Location
- Hazel Avenue Bury, Greater Manchester, BL9 7QT England 53°35′37″N 2°16′27″W﻿ / ﻿53.59355°N 2.27429°W

Information
- Type: Academy
- Established: 2nd September 2019
- Local authority: Bury
- Trust: Oak Learning Partnership
- Department for Education URN: 146970 Tables
- Ofsted: Reports
- Chair of local governing body: Sheila Gaskell
- Headteacher: Adele Hulton
- Gender: Coeducational
- Age: 11 to 16
- Enrolment: 655 pupils
- Houses: 5
- Trust UID: 17194
- Website: http://www.hazelwoodhigh.co.uk/
- 1km 0.6miles Hazel Wood High School

= Hazel Wood High School =

Hazel Wood High School, formerly known as Broad Oak Sports College, is a coeducational 11-16 secondary school located on Hazel Avenue about a mile to the east of Bury town centre in Greater Manchester, England. It is part of the Oak Learning Partnership.

==History==

Broad Oak High School was formed from various mergers, with previous schools including Ashmeadow, Bellgate, Seedfield and Wellington.

In 2019, the school changed its name from Broad Oak Sports College to Hazel Wood High School.

==School organisation==

When Ofsted visited in 2014, they found a smaller than average secondary school with a highly mobile population. It entered its mainly White British heritage students early for GCSE. This was classified as a good school.

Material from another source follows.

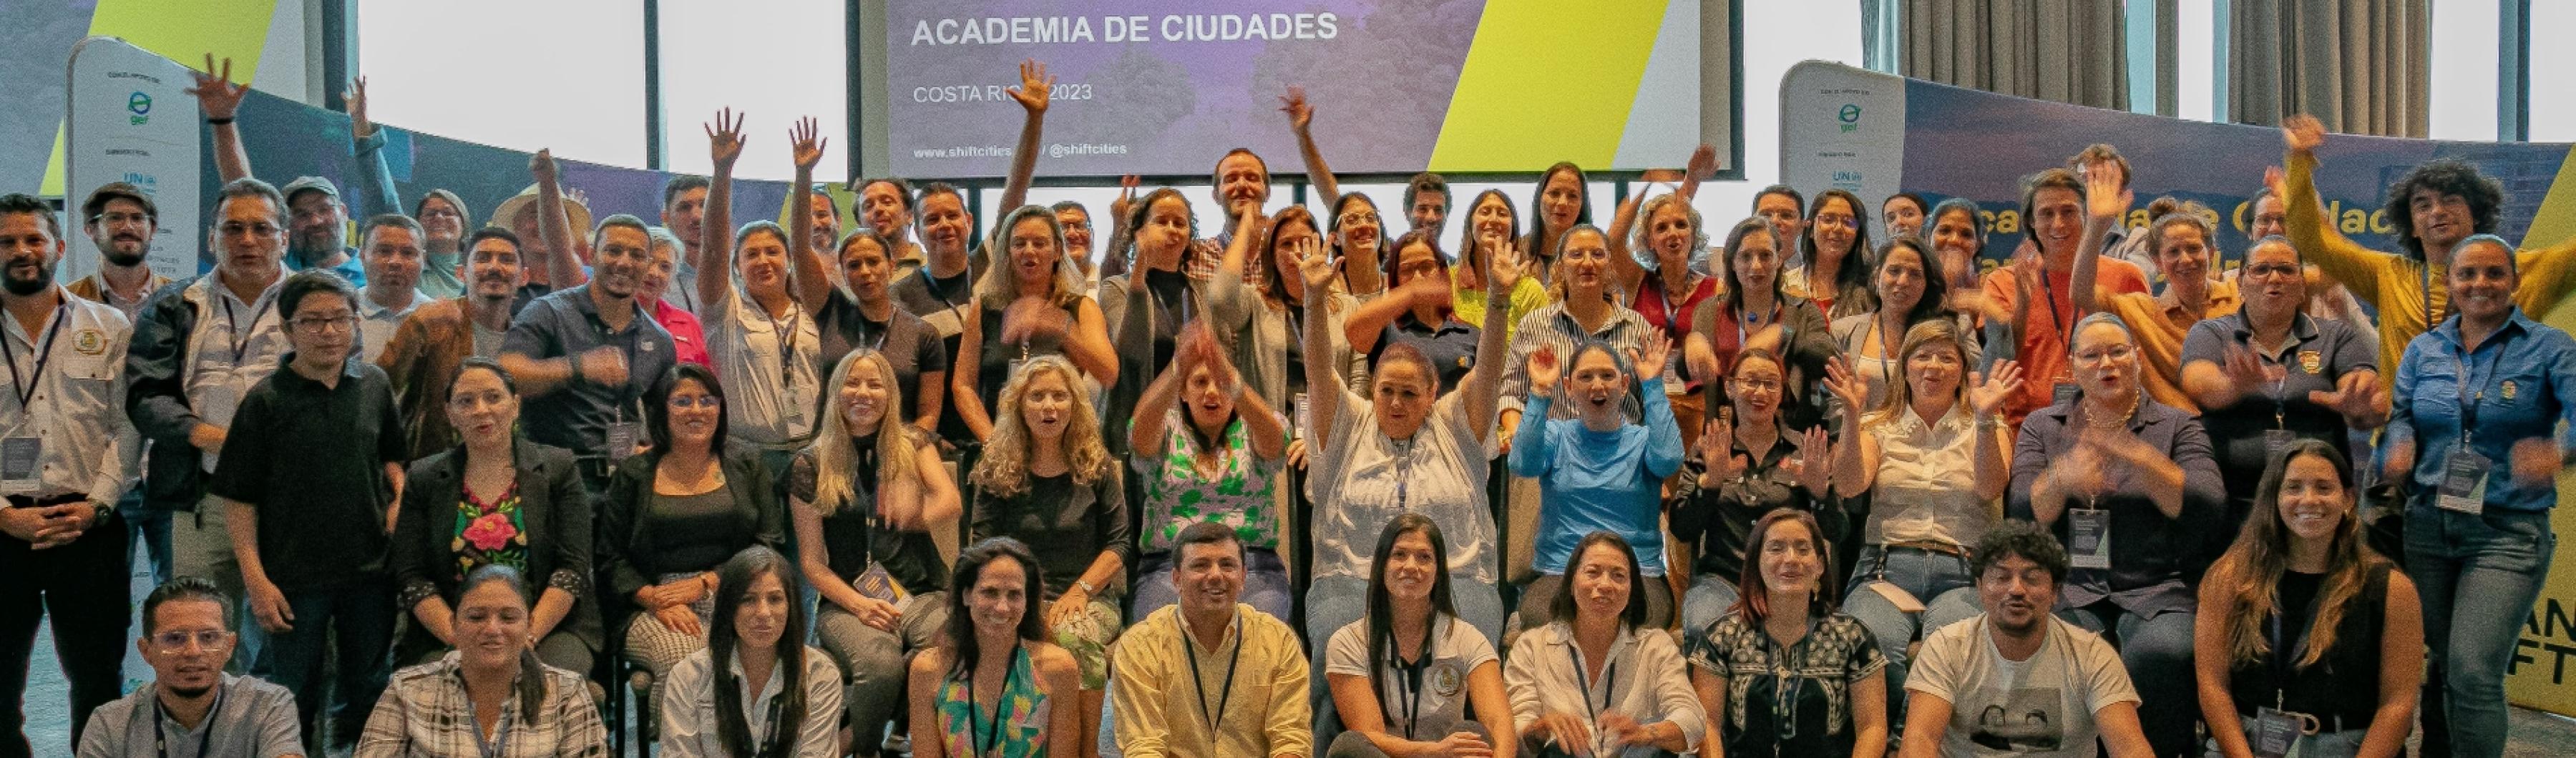 UrbanShift Costa Rica City Academy participants and organizers

In 2018 Ofsted judged the school had changed in many ways. There had been a large turnover of staff including two changes of headteacher, and the pupils now came from diverse backgrounds, many (a quarter) from families where English was not the mother tongue. The school met the Department for Education's definition of a coasting school based on key stage 4 academic performance results in 2015 to 2017. Ofsted judged the school inadequate. The governors were removed and an Interim Executive Board put in place. The name of the school was changed.

==Incidents==
- In 2012, a teacher, Ms Bailey, died by suicide. Evidence was given in an inquest that she was bullied by other staff members.
- In June 2019, a student, twelve-year-old refugee Shukri Abdi, was found dead in the River Irwell. Her mother said that she had reported to the school that her child was being bullied repeatedly since twelve months prior to the incident. The school launched an internal investigation into bullying which concluded in August. Abdi's family criticised the report as insufficiently detailed and are still seeking Justice.
- In January 2025, police launched an investigation after a mass brawl involving dozens of youths broke out on Poplar Avenue, near the school grounds. Video footage circulated showing pupils kicking and stamping on one another, prompting the school to initiate internal disciplinary sanctions.
- In November 2025, a former teacher at the school, Mark Rowley, was banned from the teaching profession indefinitely. A Teaching Regulation Agency misconduct panel found that in 2022 he had engaged in a "sexually motivated" relationship with a pupil, which included sending inappropriate messages and a handwritten letter. Rowley had resigned from Hazel Wood High School in September 2022 after being suspended.